Tuesday, March 14, 2006

A whole new world of jargon

As part of the Writing for Interactive module at my MA Screenwriting course, I'm learning a shelf-load of new jargon. Here's two things I know now that I didn't know a week ago:

Instancing - apparently this happen in online gaming to alleviate the problems that would arise by having players around the world all attempting the same task at the same time. When a player enters a certain environment [say, a building] for a specific mission, they are effectively teleported into a virtual pocket universe where they play out the game that occurs within that environment. Once they're done, they leave the environment and return to the shared online game environment.

MMORPG - this stands for Massive Multiplayer Online Role-Playing Game, where thousands of players can interact in a huge, online world. Big business in Korea, apparently.

To call that the tip of the iceberg is understating the case a tad.

But here's a strange thing: there are more people employed creating computer games in Britain than there are people working in the British film and television industries com bined. Yet how many of those people in computer games are writers? How many agencies are there for computer game scribes? What courses are there specifically aimed at finding and nurturing future games scribes?

The answer to all of those questions seems to be - bugger all. The lack of a good agency that specialises in writers for computer games seems like a huge hole in the marketplace.

If anybody knows of any such agencies, post a reply in the comments section, ideally with an URL for the relevant website. Let's share some information, people!

1 comment:

Anonymous said...

I know of a *bad* agency, but no good ones.
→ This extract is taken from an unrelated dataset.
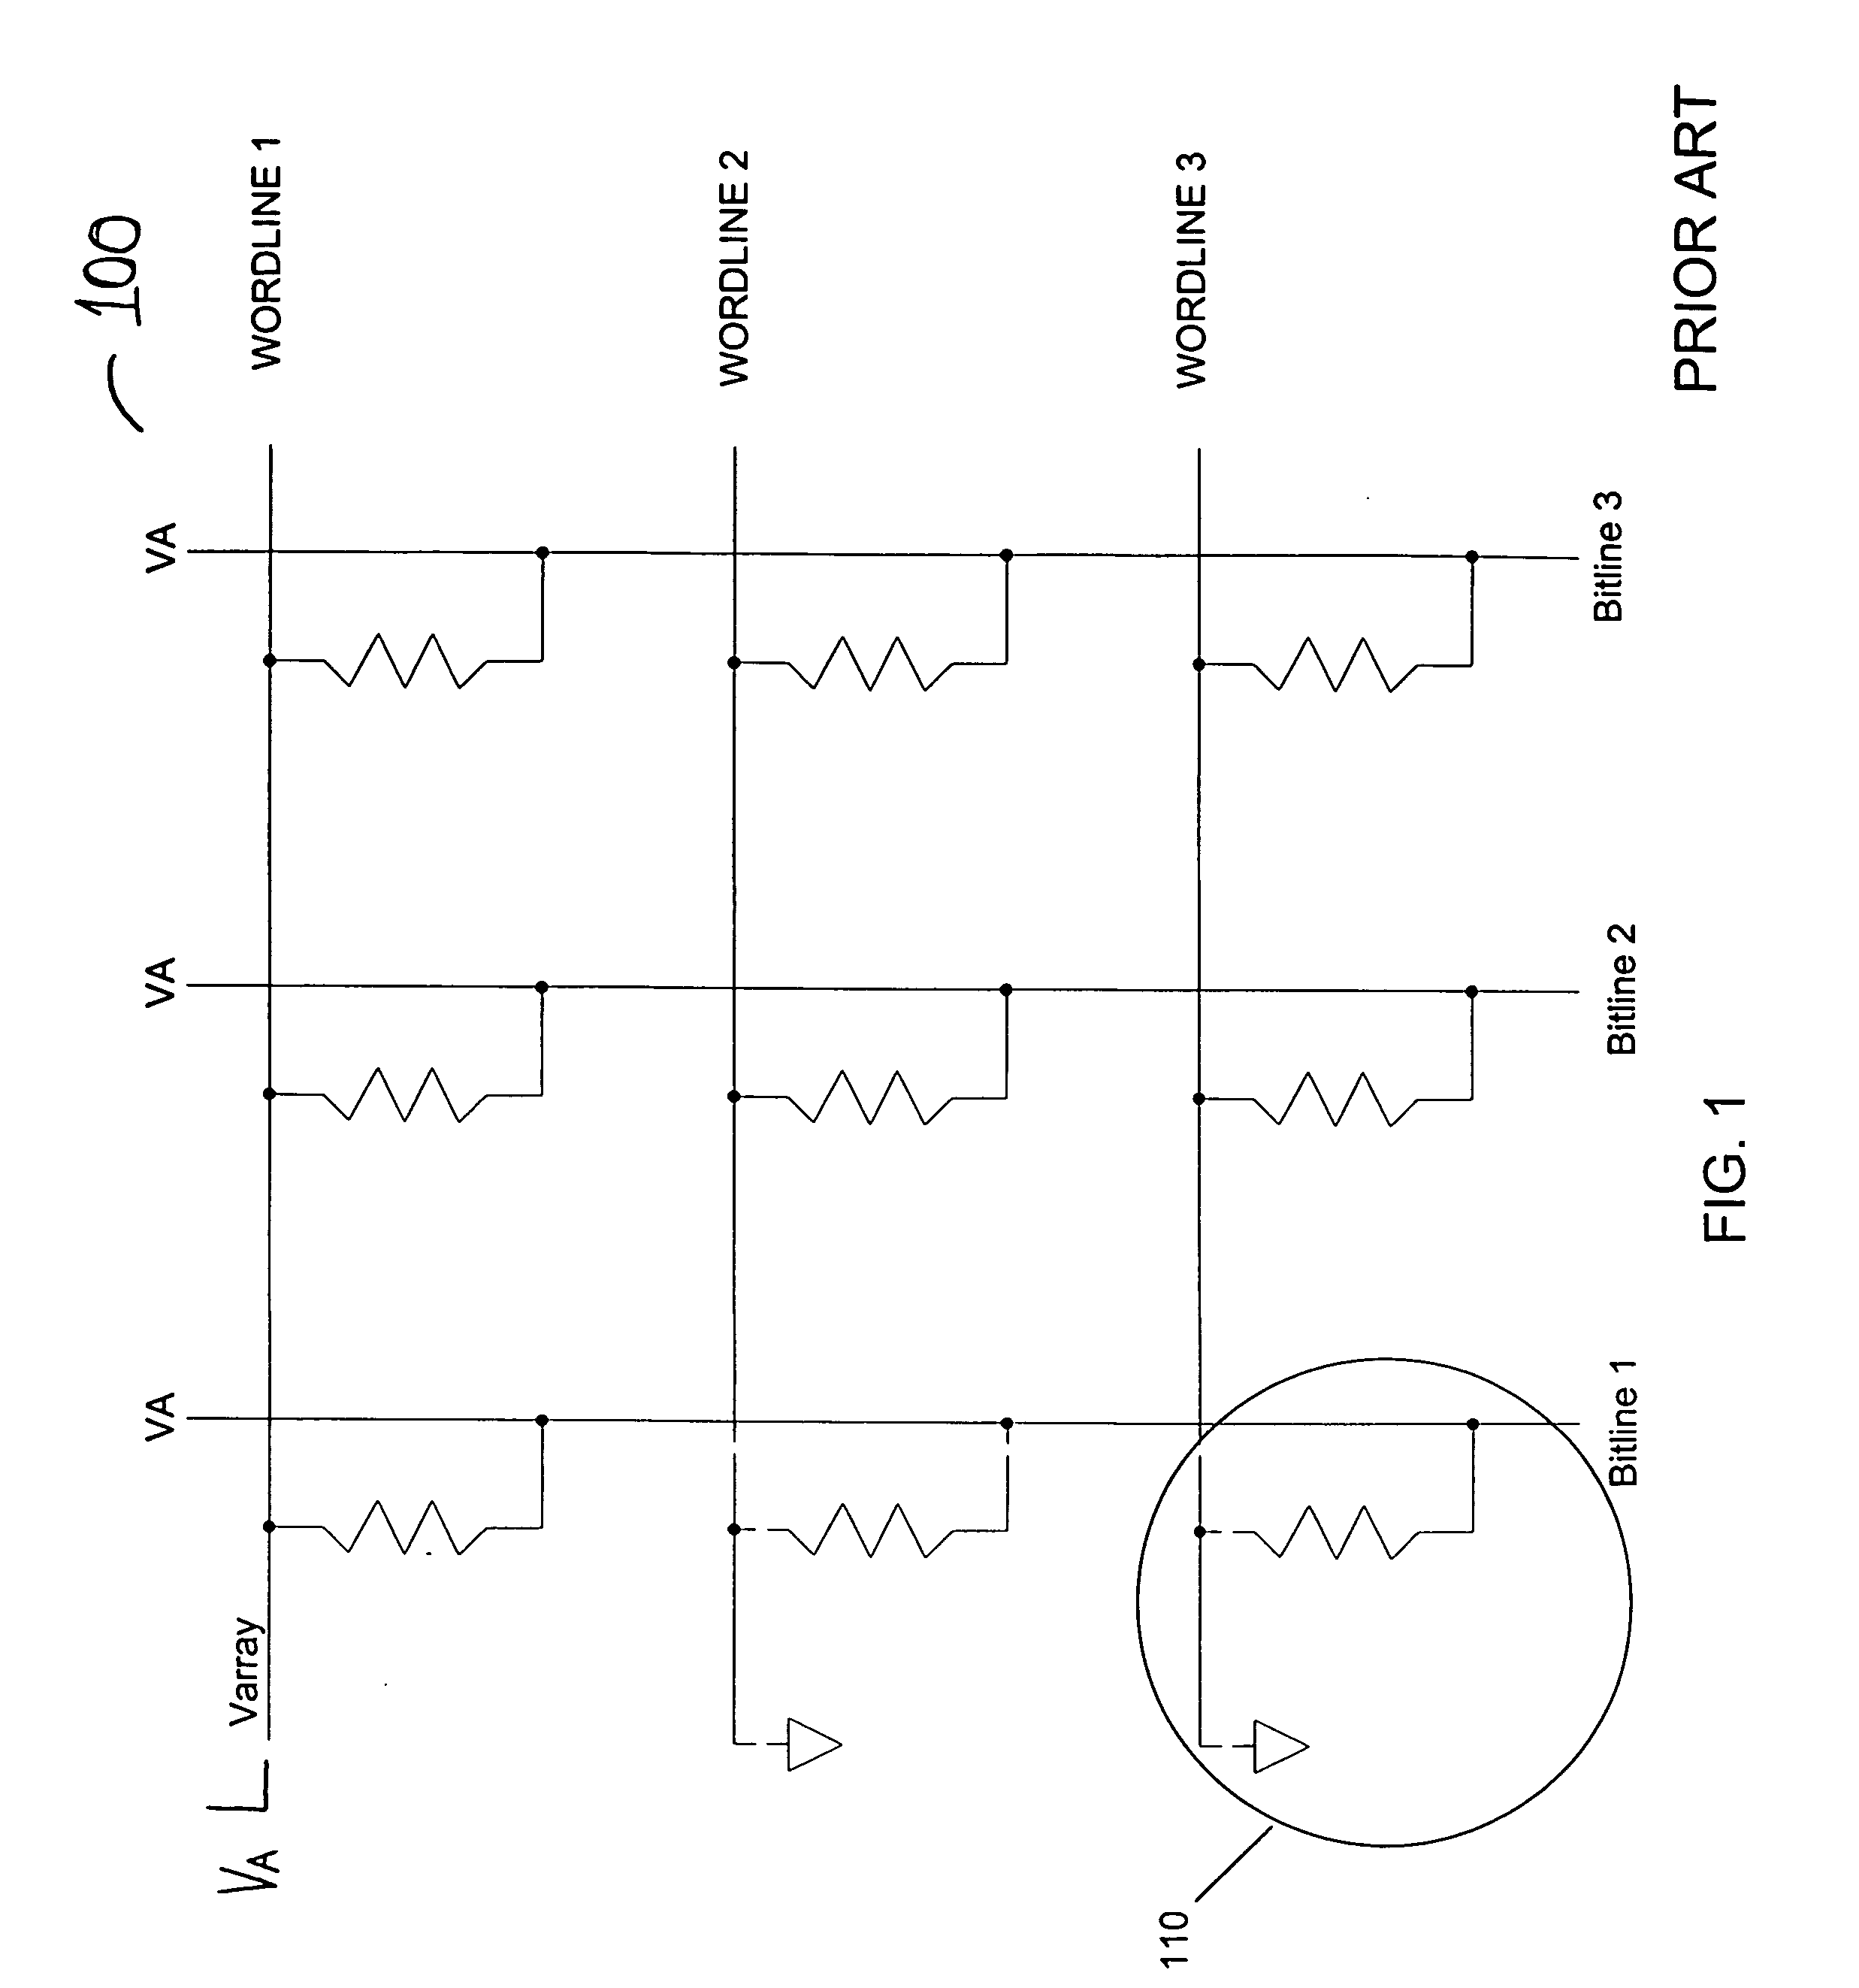 Sensing scheme for programmable resistance memory using voltage coefficient characteristics

I'm not surprised that the computer games industry employs more than TV and film here. There are some writers around in it. I think I've worked on around a dozen games in the last five years. The money can be very good, but there's an incredible amount of wastage -- almost as many stalled projects as in the film business.

Also a great variant in producer expectations. I've worked for producers who pay Writers Guild scale, and for others who have a barely contained horror of the concept that this is a job that Jeff the Tea Boy couldn't do for them for a fraction of the price.